Aber das liegt nicht unbedingt an ihm, sondern viel mehr an seinem Kontrahenten im Wahlkreis 196 im Süden von Thüringen. Der kontroverse Kandidat der CDU, der ehemalige Verfassungsschutzchef Hans-Georg Maaßen, lässt gerade ganz Deutschland nach Thüringen blicken.

In Frank Ullrichs Heimat. In die Region, für die er in den Bundestag ziehen will. Das Rennen wird eng.
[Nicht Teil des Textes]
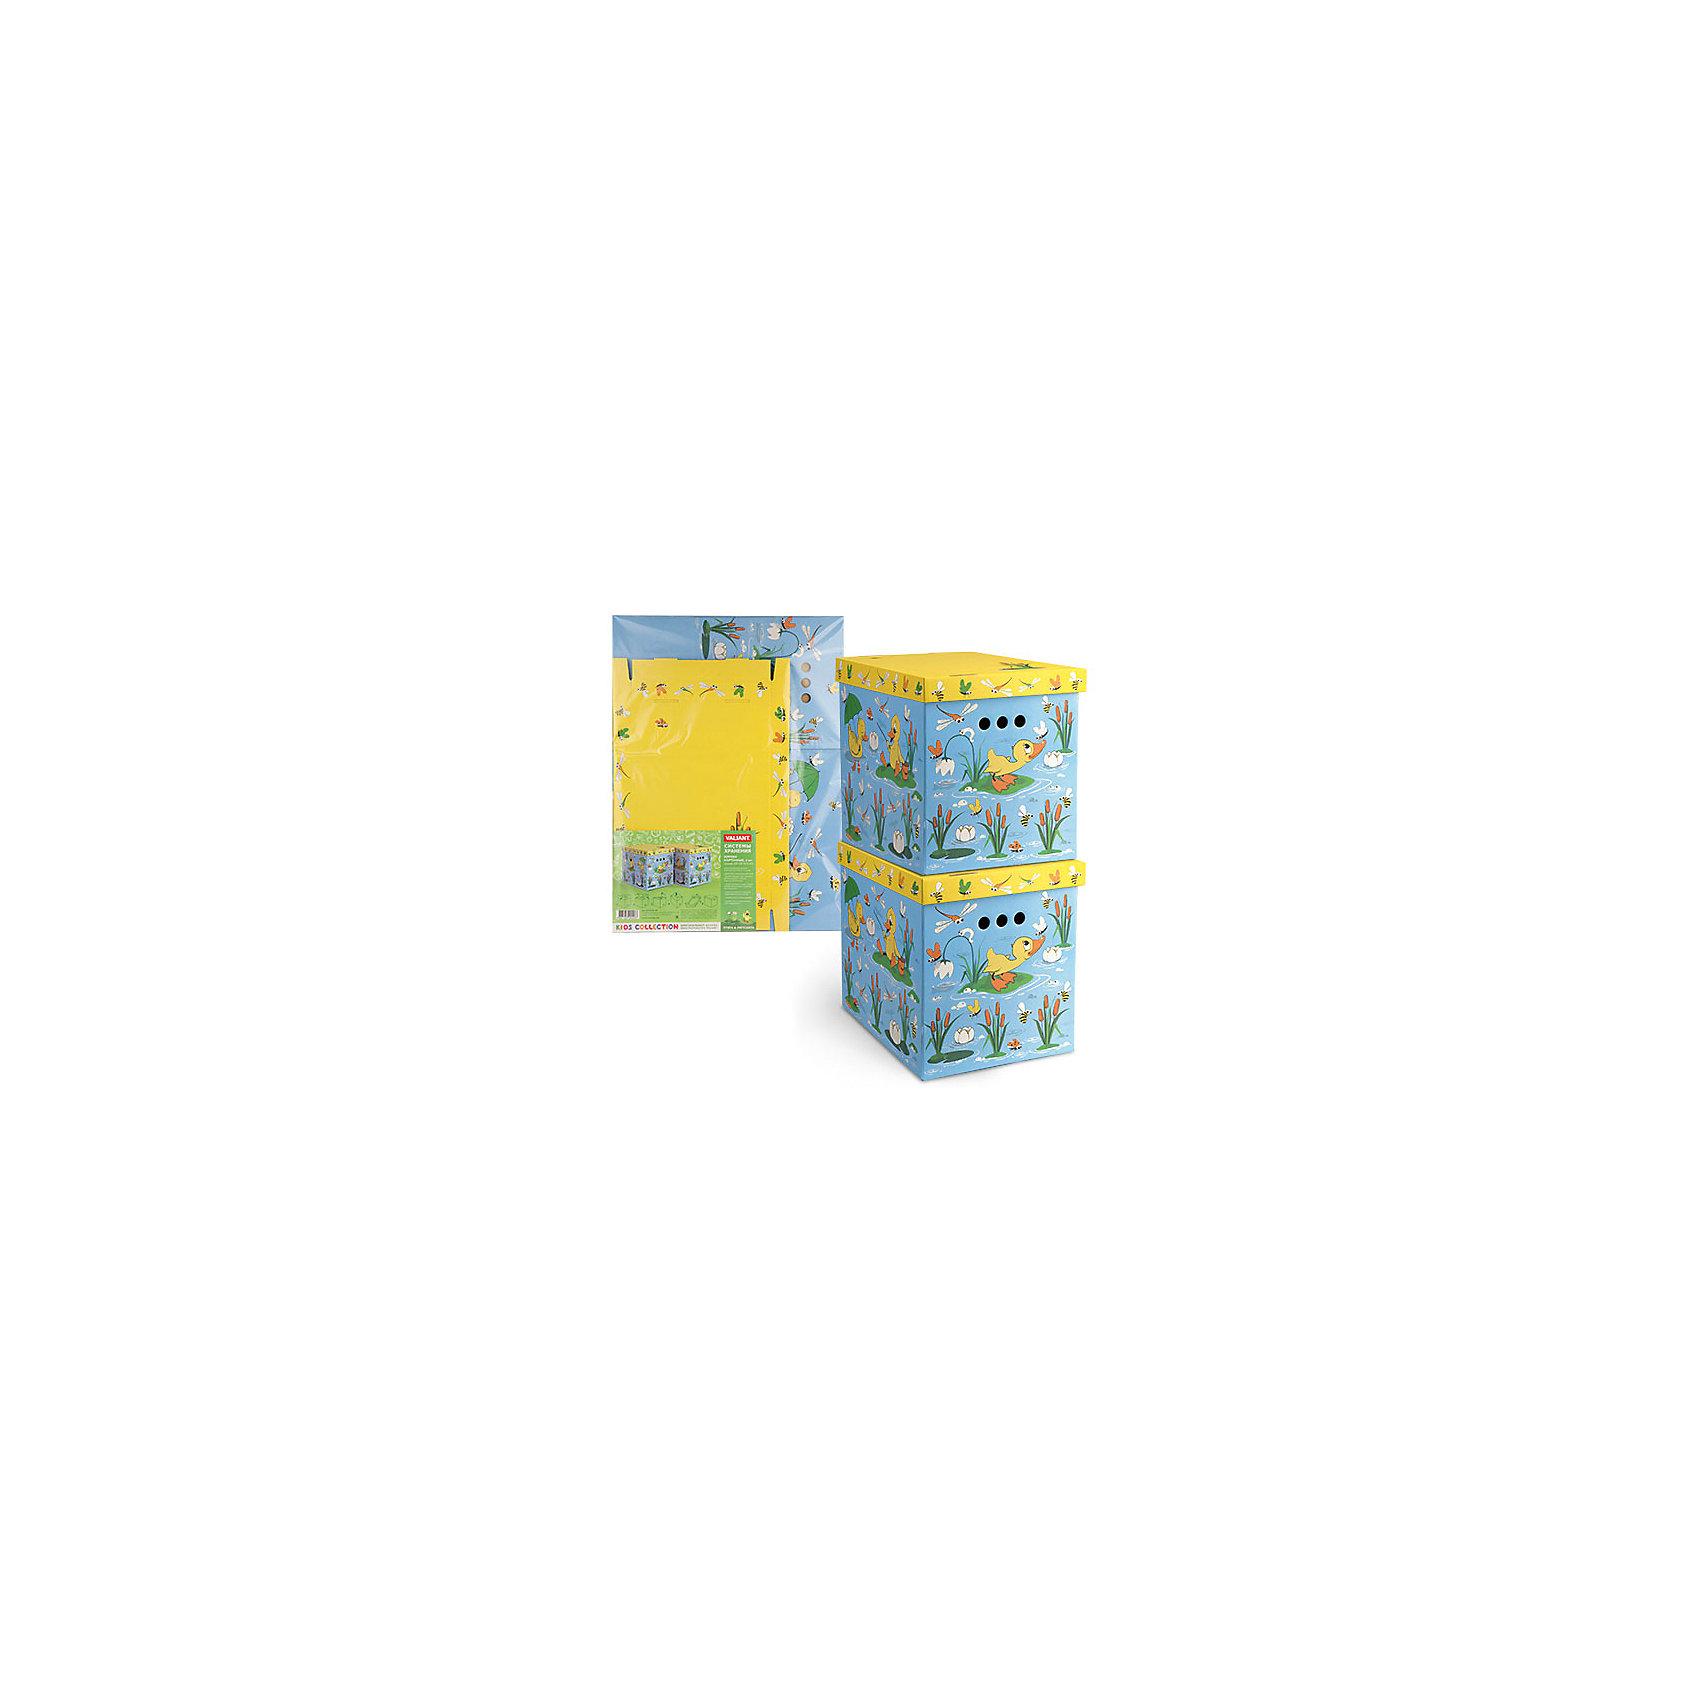 Короб картонный складной Утята-лягушата, 2 шт, большойПредметы интерьера<br>Короб картонный складной Утята-лягушата, 2 шт, большой – яркое и красивое решение проблемы хранения вещей. <br>В комплект входят две большие коробки с ярким дизайном. Идеально вписываются в детскую благодаря красочным рисункам. Сделаны из экологичного материала, поэтому полностью безопасны для детей. Прочная конструкция легко собирается. Подходят для хранения книг, игрушек, одежды, обуви и других вещей. С двух сторон есть ручки для удобного переноса коробок. Крышка сверху прячет вещи от пыли и грязи. <br><br>Дополнительная информация: <br><br>- 2 штуки<br>- размер: 28х38х31.5 см<br>- материал: гофрокартон<br><br>Короб картонный складной Утята-лягушата, 2 шт, большой можно купить в нашем интернет магазине.<br><br>Ширина мм: 280<br>Глубина мм: 380<br>Высота мм: 315<br>Вес г: 630<br>Возраст от месяцев: 36<br>Возраст до месяцев: 144<br>Пол: Унисекс<br>Возраст: Детский<br>SKU: 4923432

Thüringen: Ullrich wettert gegen Maaßen – „Weder die Hand geschüttelt noch in die Augen geschaut“

Der Wahlkampf heizt sich langsam auf. Gerade jetzt, wo die CDU mehr und mehr in den Umfragekeller fällt, hat Ullrich eine realistische Chance auf den Sieg.

Einfach wird es aber nicht werden. Das liegt nicht nur an der CDU-Konkurrenz.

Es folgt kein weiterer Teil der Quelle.